I tre nuovi Ospedali di Comunità mettono complessivamente a disposizione 45 posti letto, dedicati a pazienti clinicamente stabilizzati che necessitano di assistenza infermieristica continuativa, monitoraggio clinico, riabilitazione e continuità delle cure tra ospedale e territorio. Gli spazi sono stati progettati secondo i criteri previsti dal DM 77, con camere attrezzate, aree comuni, palestre riabilitative, postazioni infermieristiche centrali e percorsi assistenziali completamente informatizzati e integrati con il Fascicolo Sanitario Elettronico.

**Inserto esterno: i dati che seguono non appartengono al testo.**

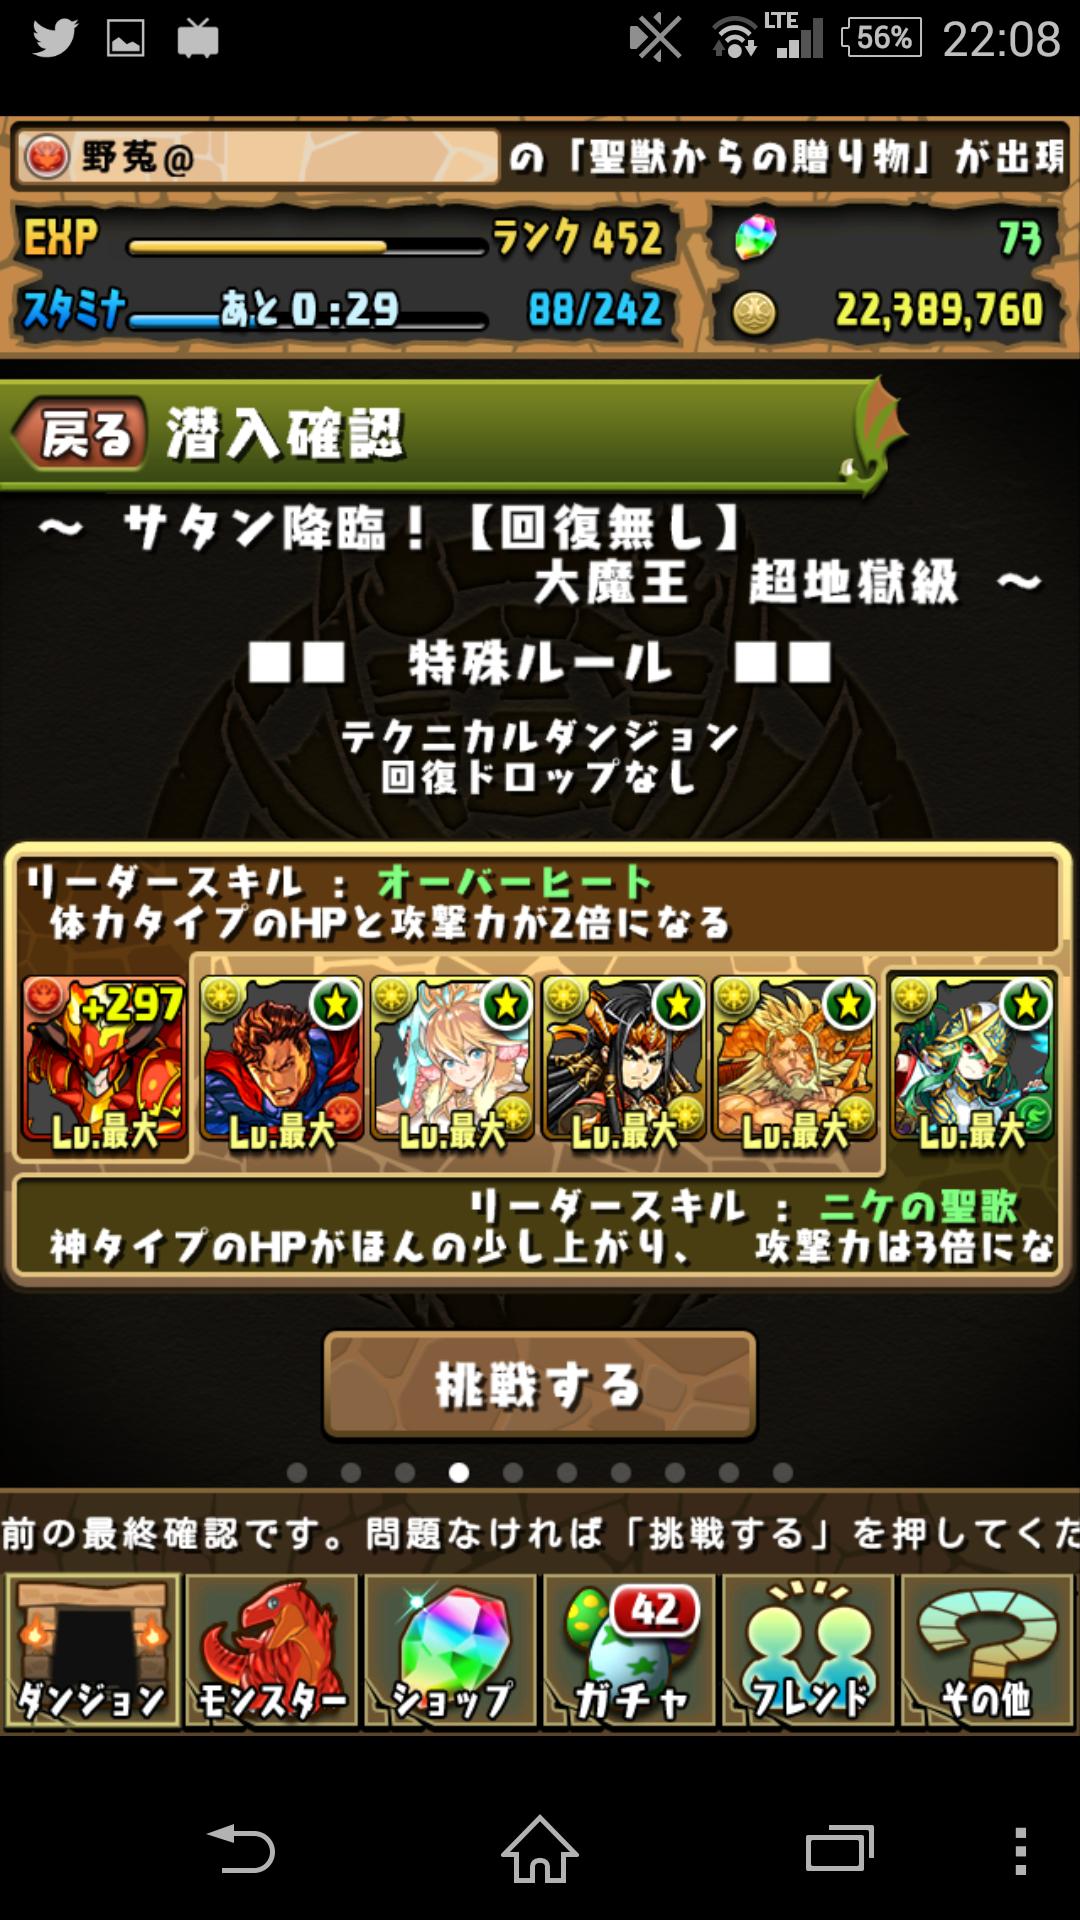 Screenshot_2015-01-24-22-08-50.png

“L’inaugurazione di oggi è il risultato di un importante lavoro di squadra, per il quale desidero ringraziare tutte le persone coinvolte. Ringrazio in primo luogo Regione Lombardia per il costante sostegno, tutti i professionisti della nostra ASST, i tecnici, i progettisti e tutti quelli che hanno contribuito alla realizzazione di queste strutture. Grazie al loro impegno costante, abbiamo consegnato ai cittadini nuovi spazi di cura moderni e funzionali, che rafforzano la rete dei servizi territoriali e confermano l’impegno della nostra ASST nel garantire un’assistenza sempre più vicina alle persone”, dichiara Maria Grazia Colombo, Direttore Generale di ASST Fatebenefratelli Sacco.

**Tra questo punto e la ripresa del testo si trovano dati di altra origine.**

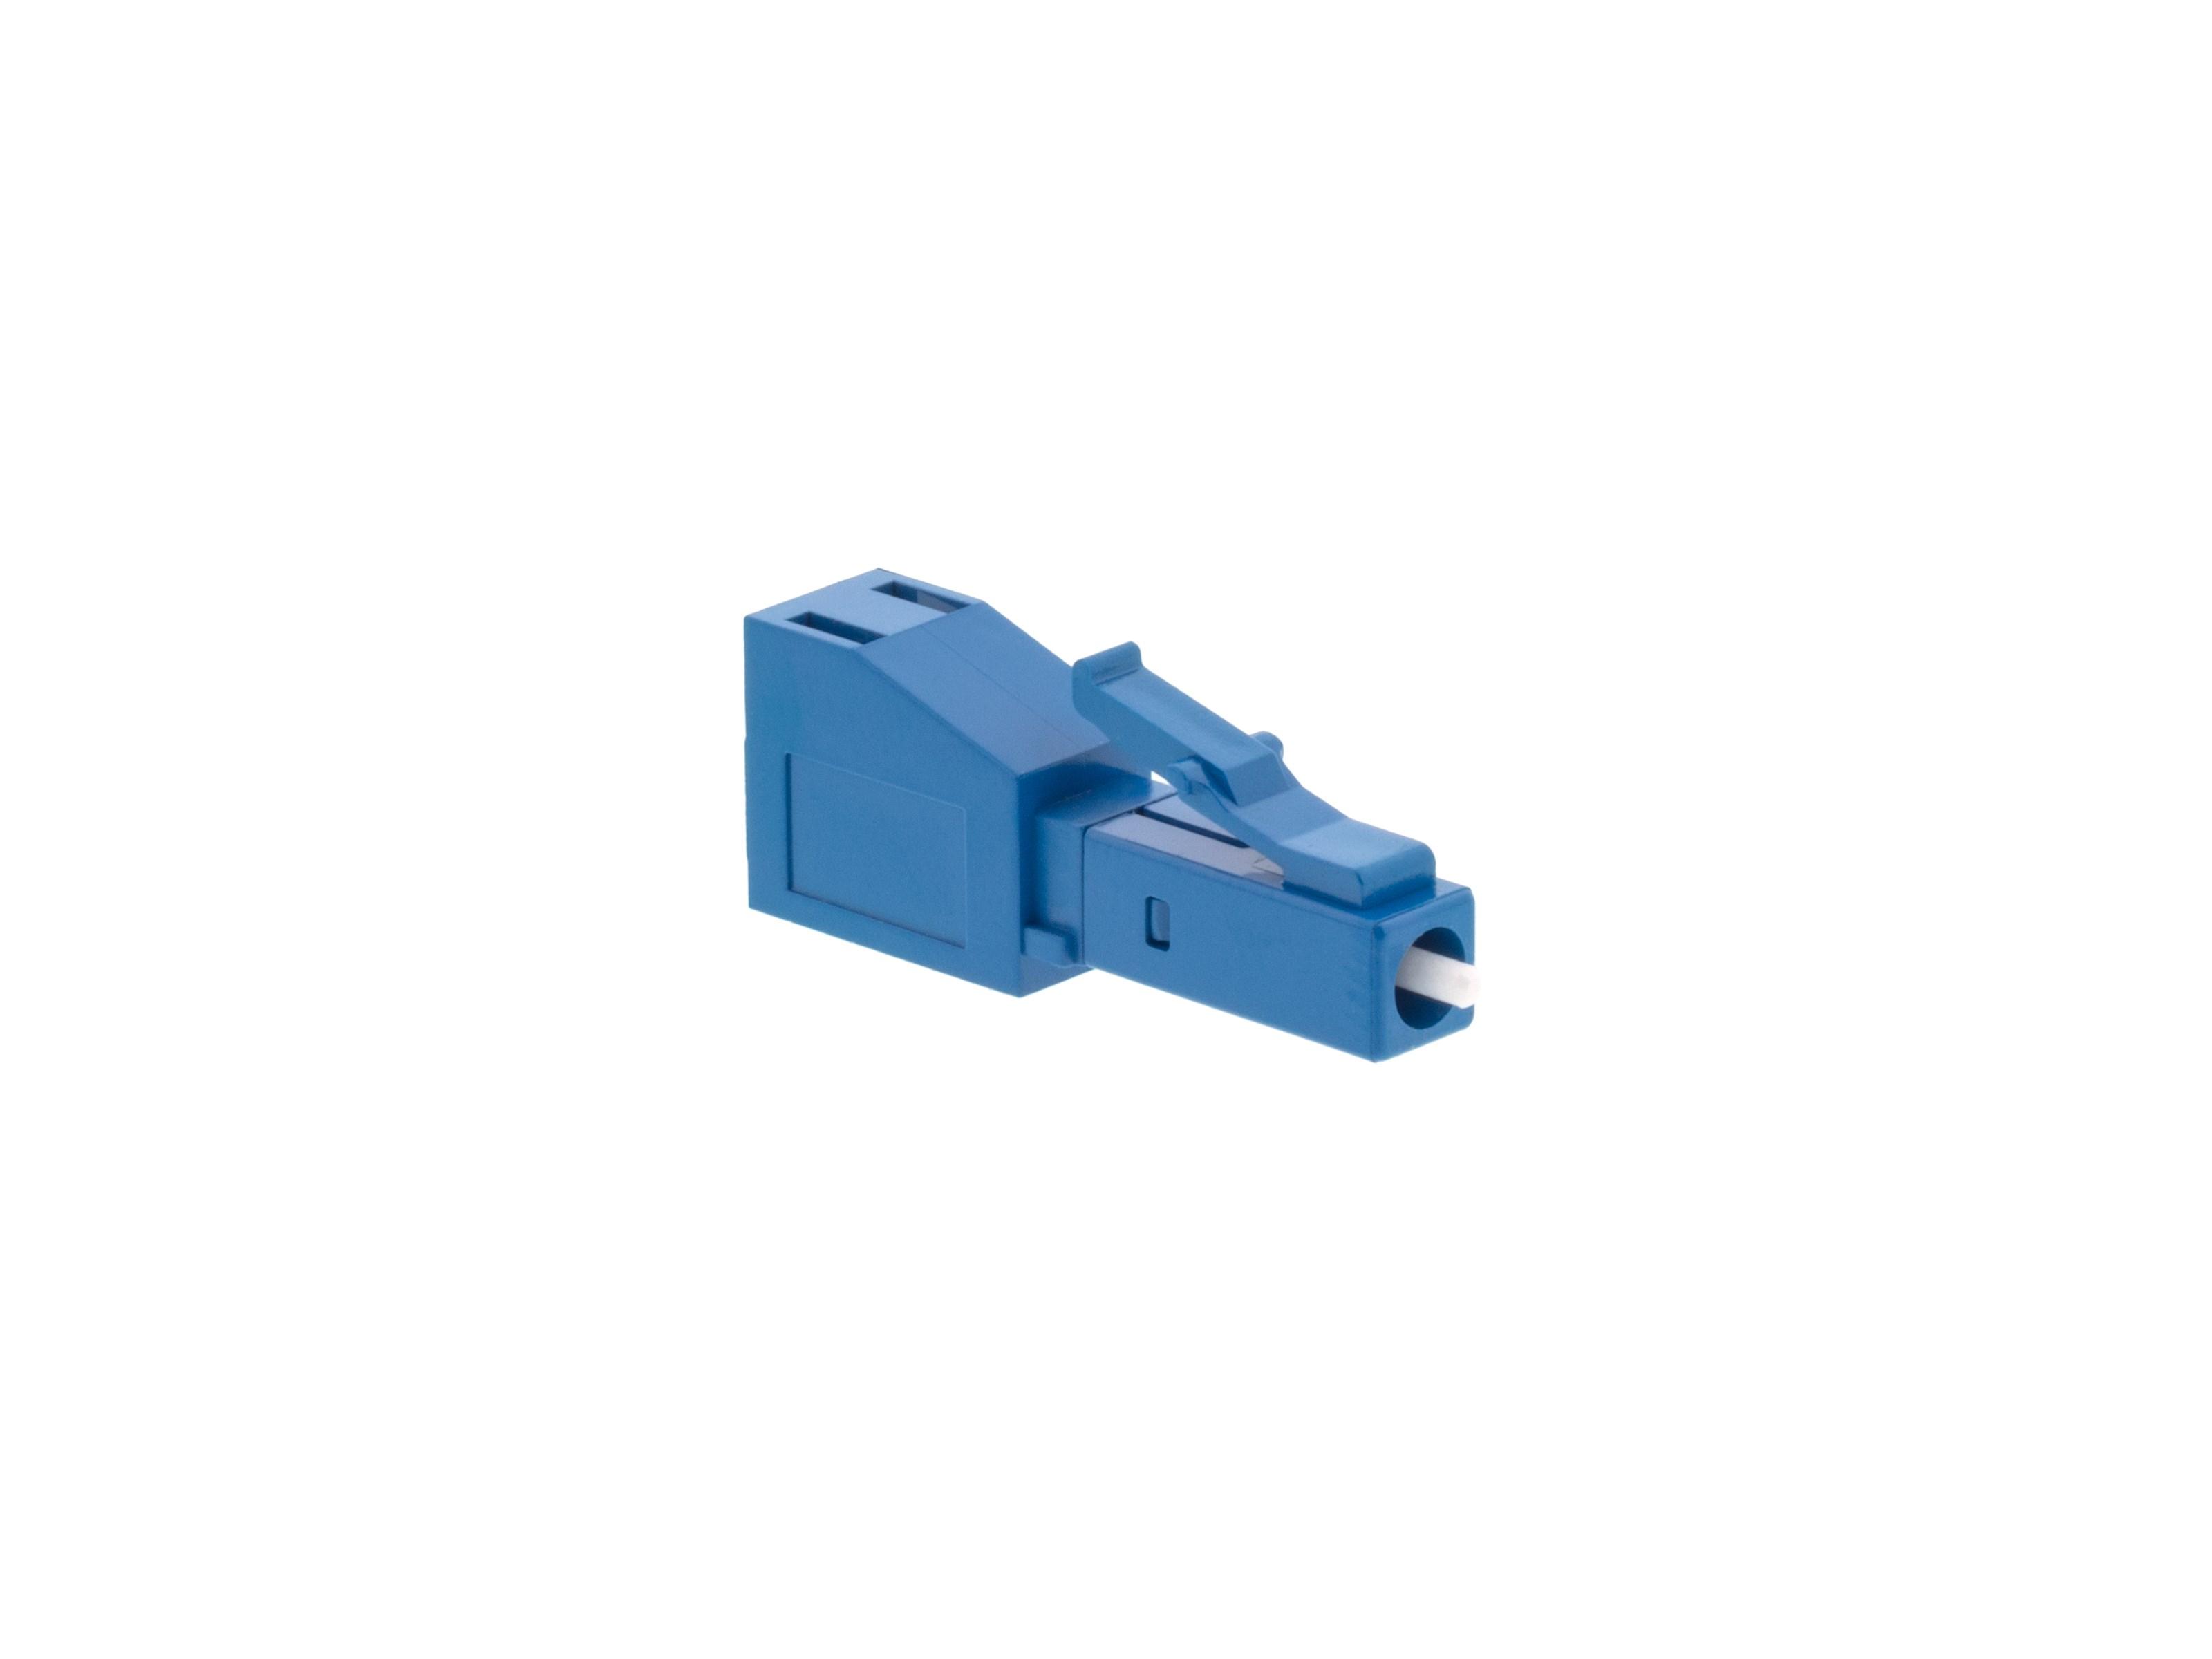 UPC LC Fiber Optic Attenuator 20 dB

“La nascita delle case e degli Ospedali di Comunità rappresenta una vera e propria pietra miliare nella storia della sanità territoriale”, aggiunge Enrico Frisone, Direttore Sociosanitario. “Le Case di Comunità consentono di sviluppare percorsi assistenziali integrati, valorizzando il ruolo dei medici di medicina generale, dei professionisti sanitari e della rete sociosanitaria, mentre gli Ospedali di Comunità garantiscono un fondamentale livello intermedio di assistenza, rafforzando la continuità delle cure”.

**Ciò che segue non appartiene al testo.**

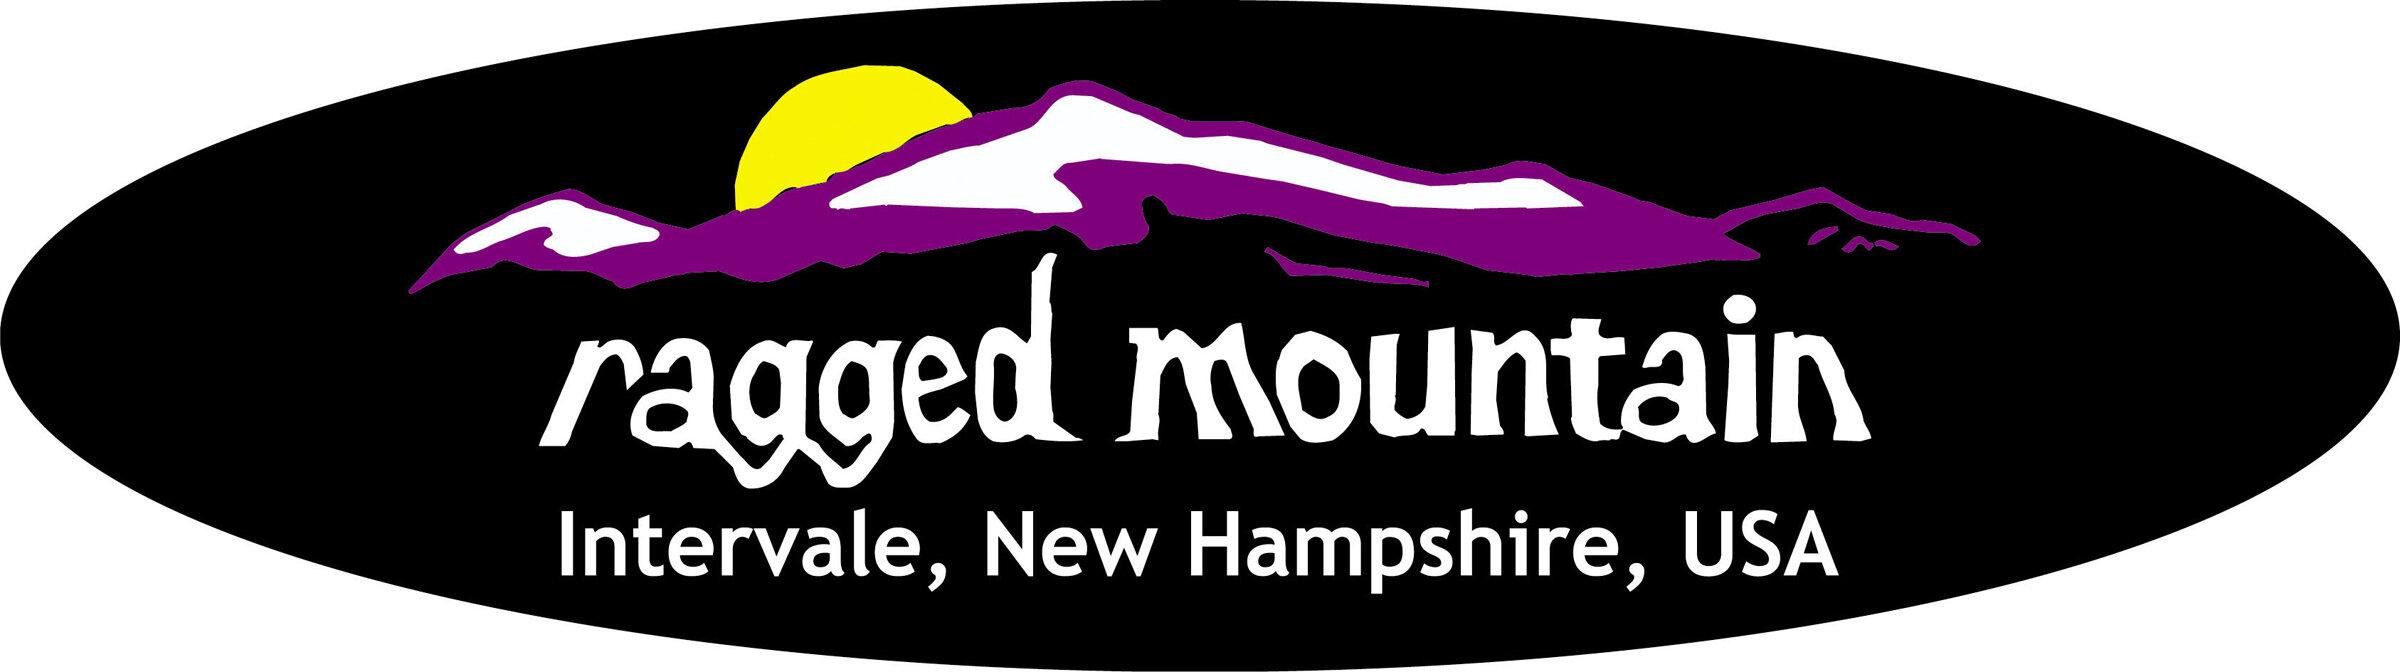 Ragged Mountain logo for BCA.jpg

“Oggi – ha spiegato Bertolaso – inauguriamo tre nuove case di comunità e due nuovi ospedali di comunità: di fatto abbiamo preso atto che oltre 20 milioni di euro che erano stati stanziati con il Pnrr sono stati utilizzati. Si tratta di strutture che già funzionano ed erogano servizi. Ora dobbiamo integrare queste strutture nella rete dell’assistenza sanitaria, territoriale e ospedaliera di tutta l’area metropolitana di Milano. È un lavoro continuo che richiede grande impegno, partecipazione di tutti e anche la nostra capacità di comunicare e di rendere tutti i cittadini consapevoli dei tanti servizi che hanno a disposizione”, afferma Guido Bertolaso, Assessore al Welfare di Regione Lombardia.
Con queste nuove attivazioni, ASST Fatebenefratelli Sacco consolida una rete di assistenza territoriale che si estende in cinque Distretti di Milano (Municipi 1, 2, 3, 4 e 8), garantendo un’offerta capillare di servizi sanitari e sociosanitari a una vasta parte della popolazione cittadina. Il prossimo obiettivo sarà attivare una campagna di informazione volta a far conoscere sempre più diffusamente ai cittadini le opportunità offerte dalle Case e dagli Ospedali di Comunità: dai servizi di prossimità alla presa in carico dei pazienti cronici e fragili, dall’assistenza domiciliare alla prevenzione, fino ai percorsi di continuità delle cure.